_Supplied records_
----------

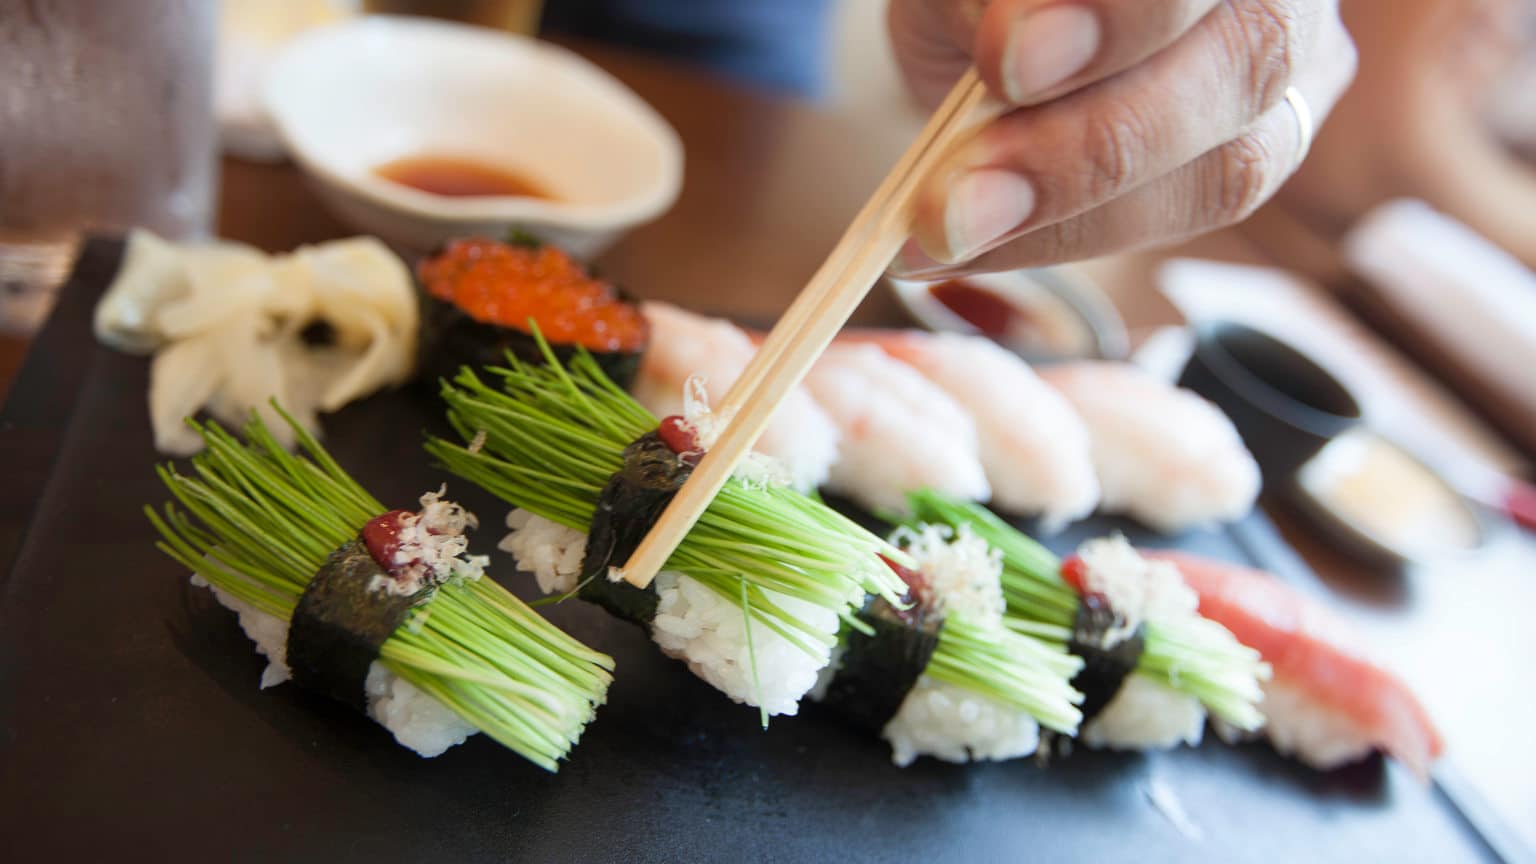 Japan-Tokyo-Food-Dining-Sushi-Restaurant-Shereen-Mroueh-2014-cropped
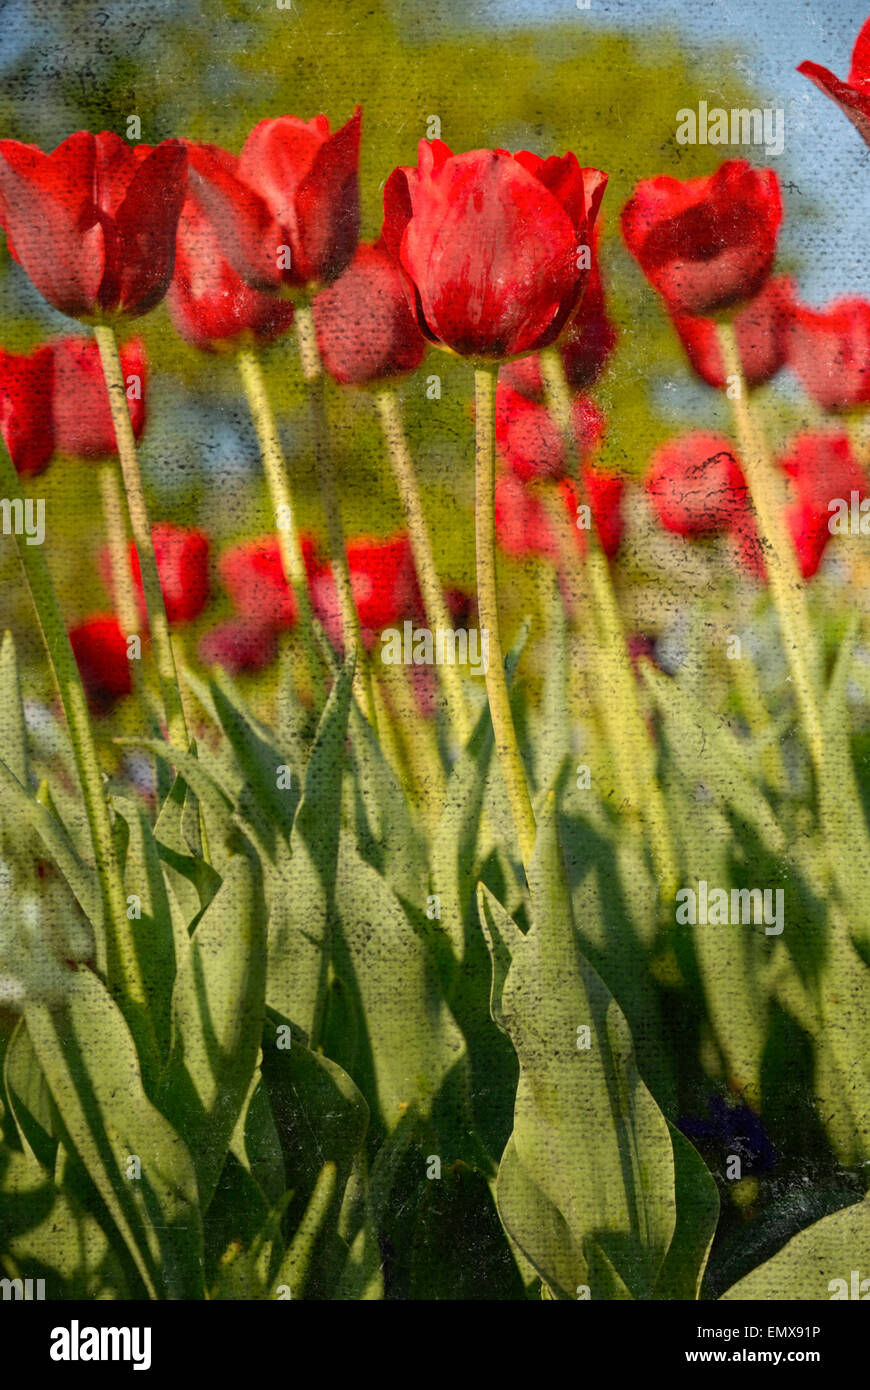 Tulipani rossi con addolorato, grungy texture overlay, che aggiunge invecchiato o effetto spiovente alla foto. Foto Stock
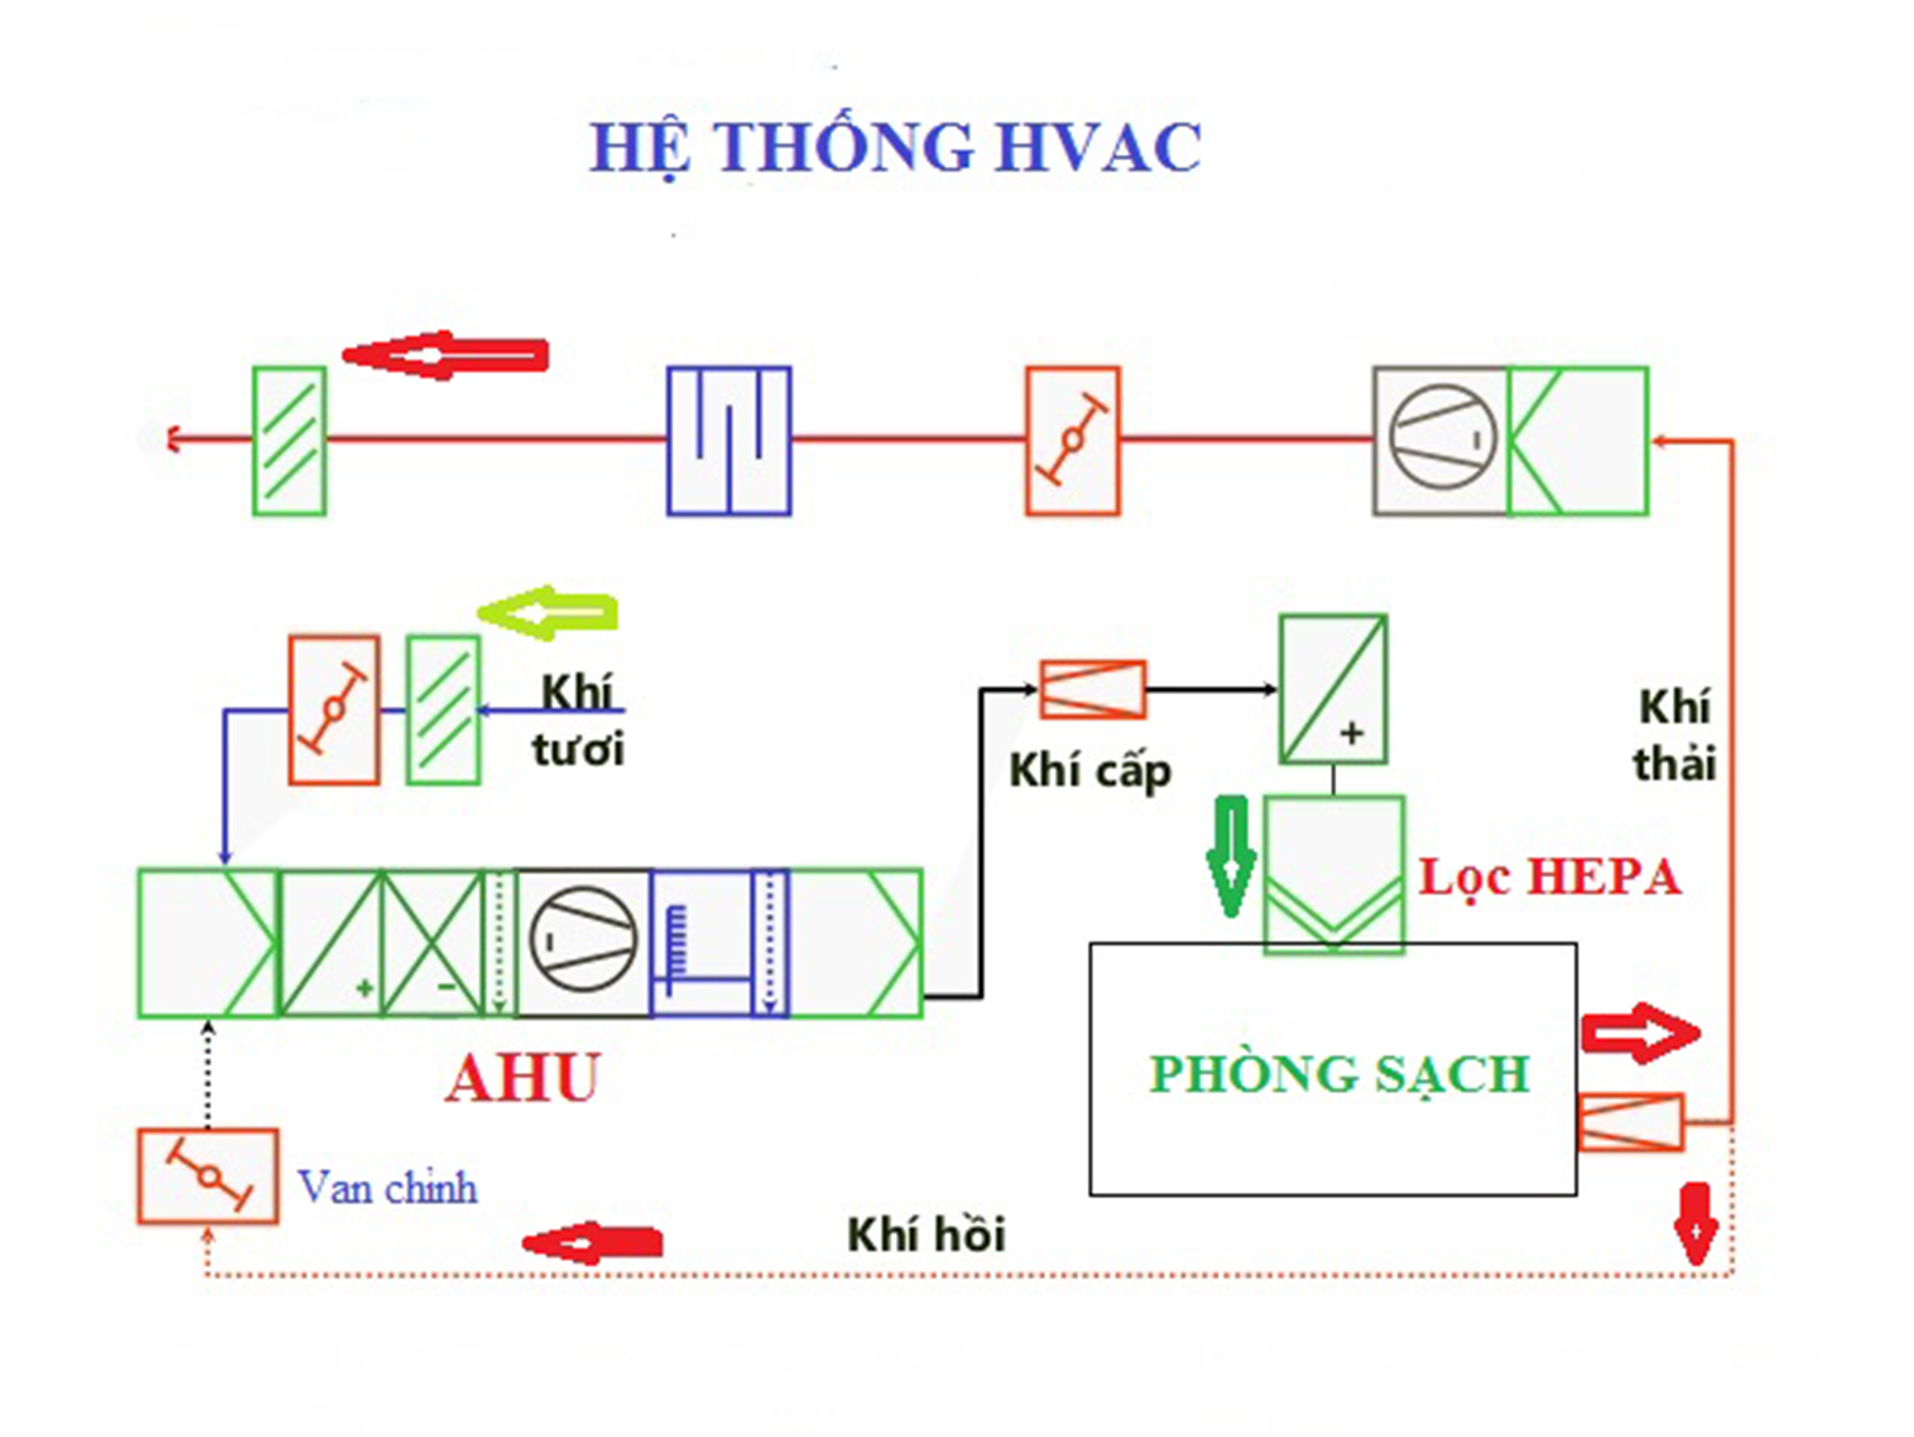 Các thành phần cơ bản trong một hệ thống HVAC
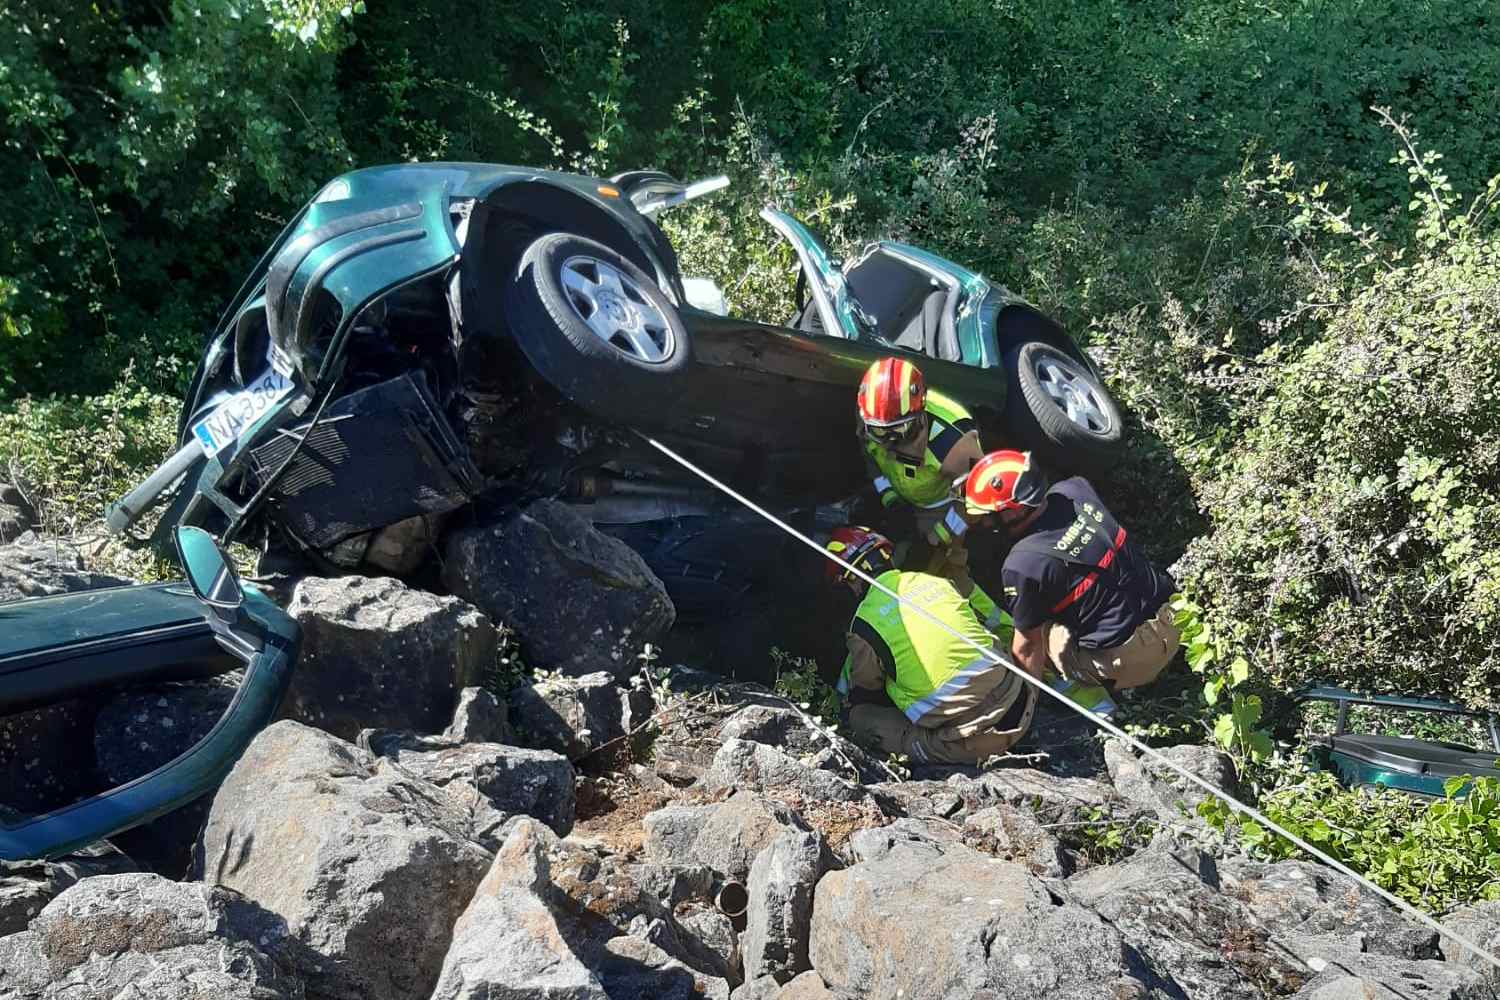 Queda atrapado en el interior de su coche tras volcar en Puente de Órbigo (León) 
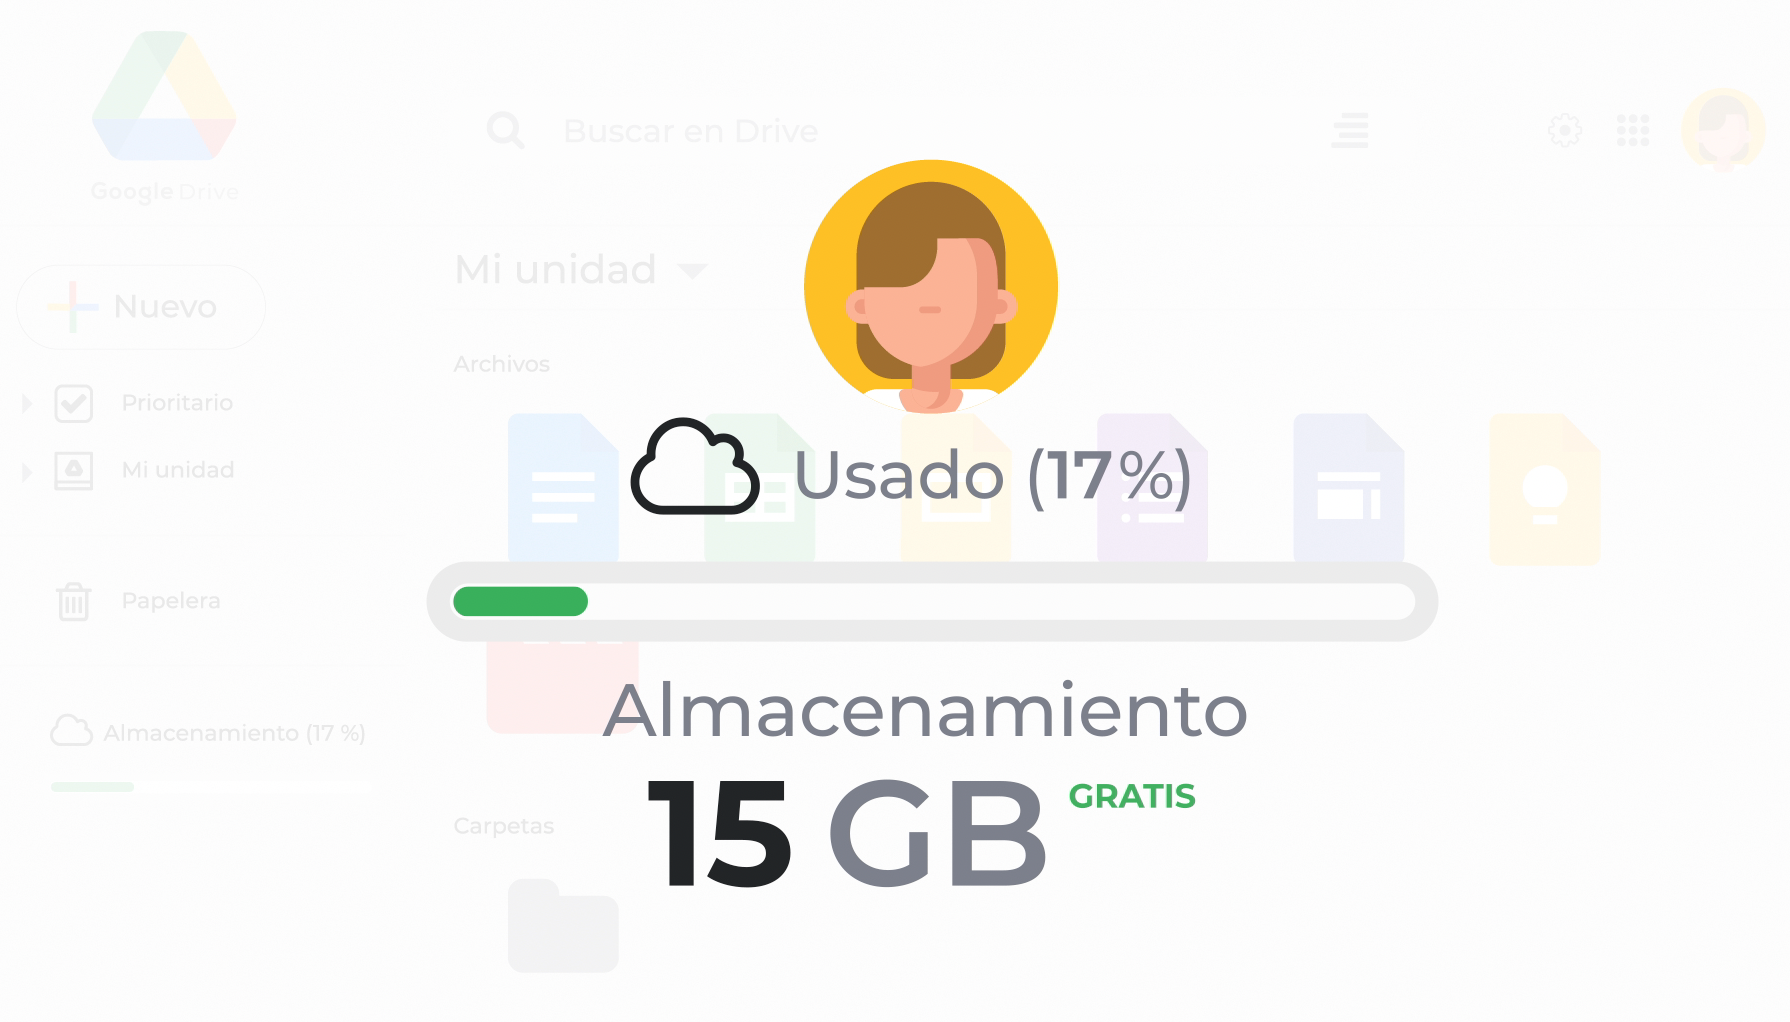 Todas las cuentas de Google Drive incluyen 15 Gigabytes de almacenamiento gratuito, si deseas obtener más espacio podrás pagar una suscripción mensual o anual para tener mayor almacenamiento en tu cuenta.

----------

_Task description_
Beginning with the first line of the entries above, repeat each line word for word until the line with "Queda atrapado en" has been given too. Omit the pictures.

_Answer space_
 Japan-Tokyo-Food-Dining-Sushi-Restaurant-Shereen-Mroueh-2014-cropped
 Tulipani rossi con addolorato, grungy texture overlay, che aggiunge invecchiato o effetto spiovente alla foto. Foto Stock
 Các thành phần cơ bản trong một hệ thống HVAC
 Queda atrapado en el interior de su coche tras volcar en Puente de Órbigo (León) 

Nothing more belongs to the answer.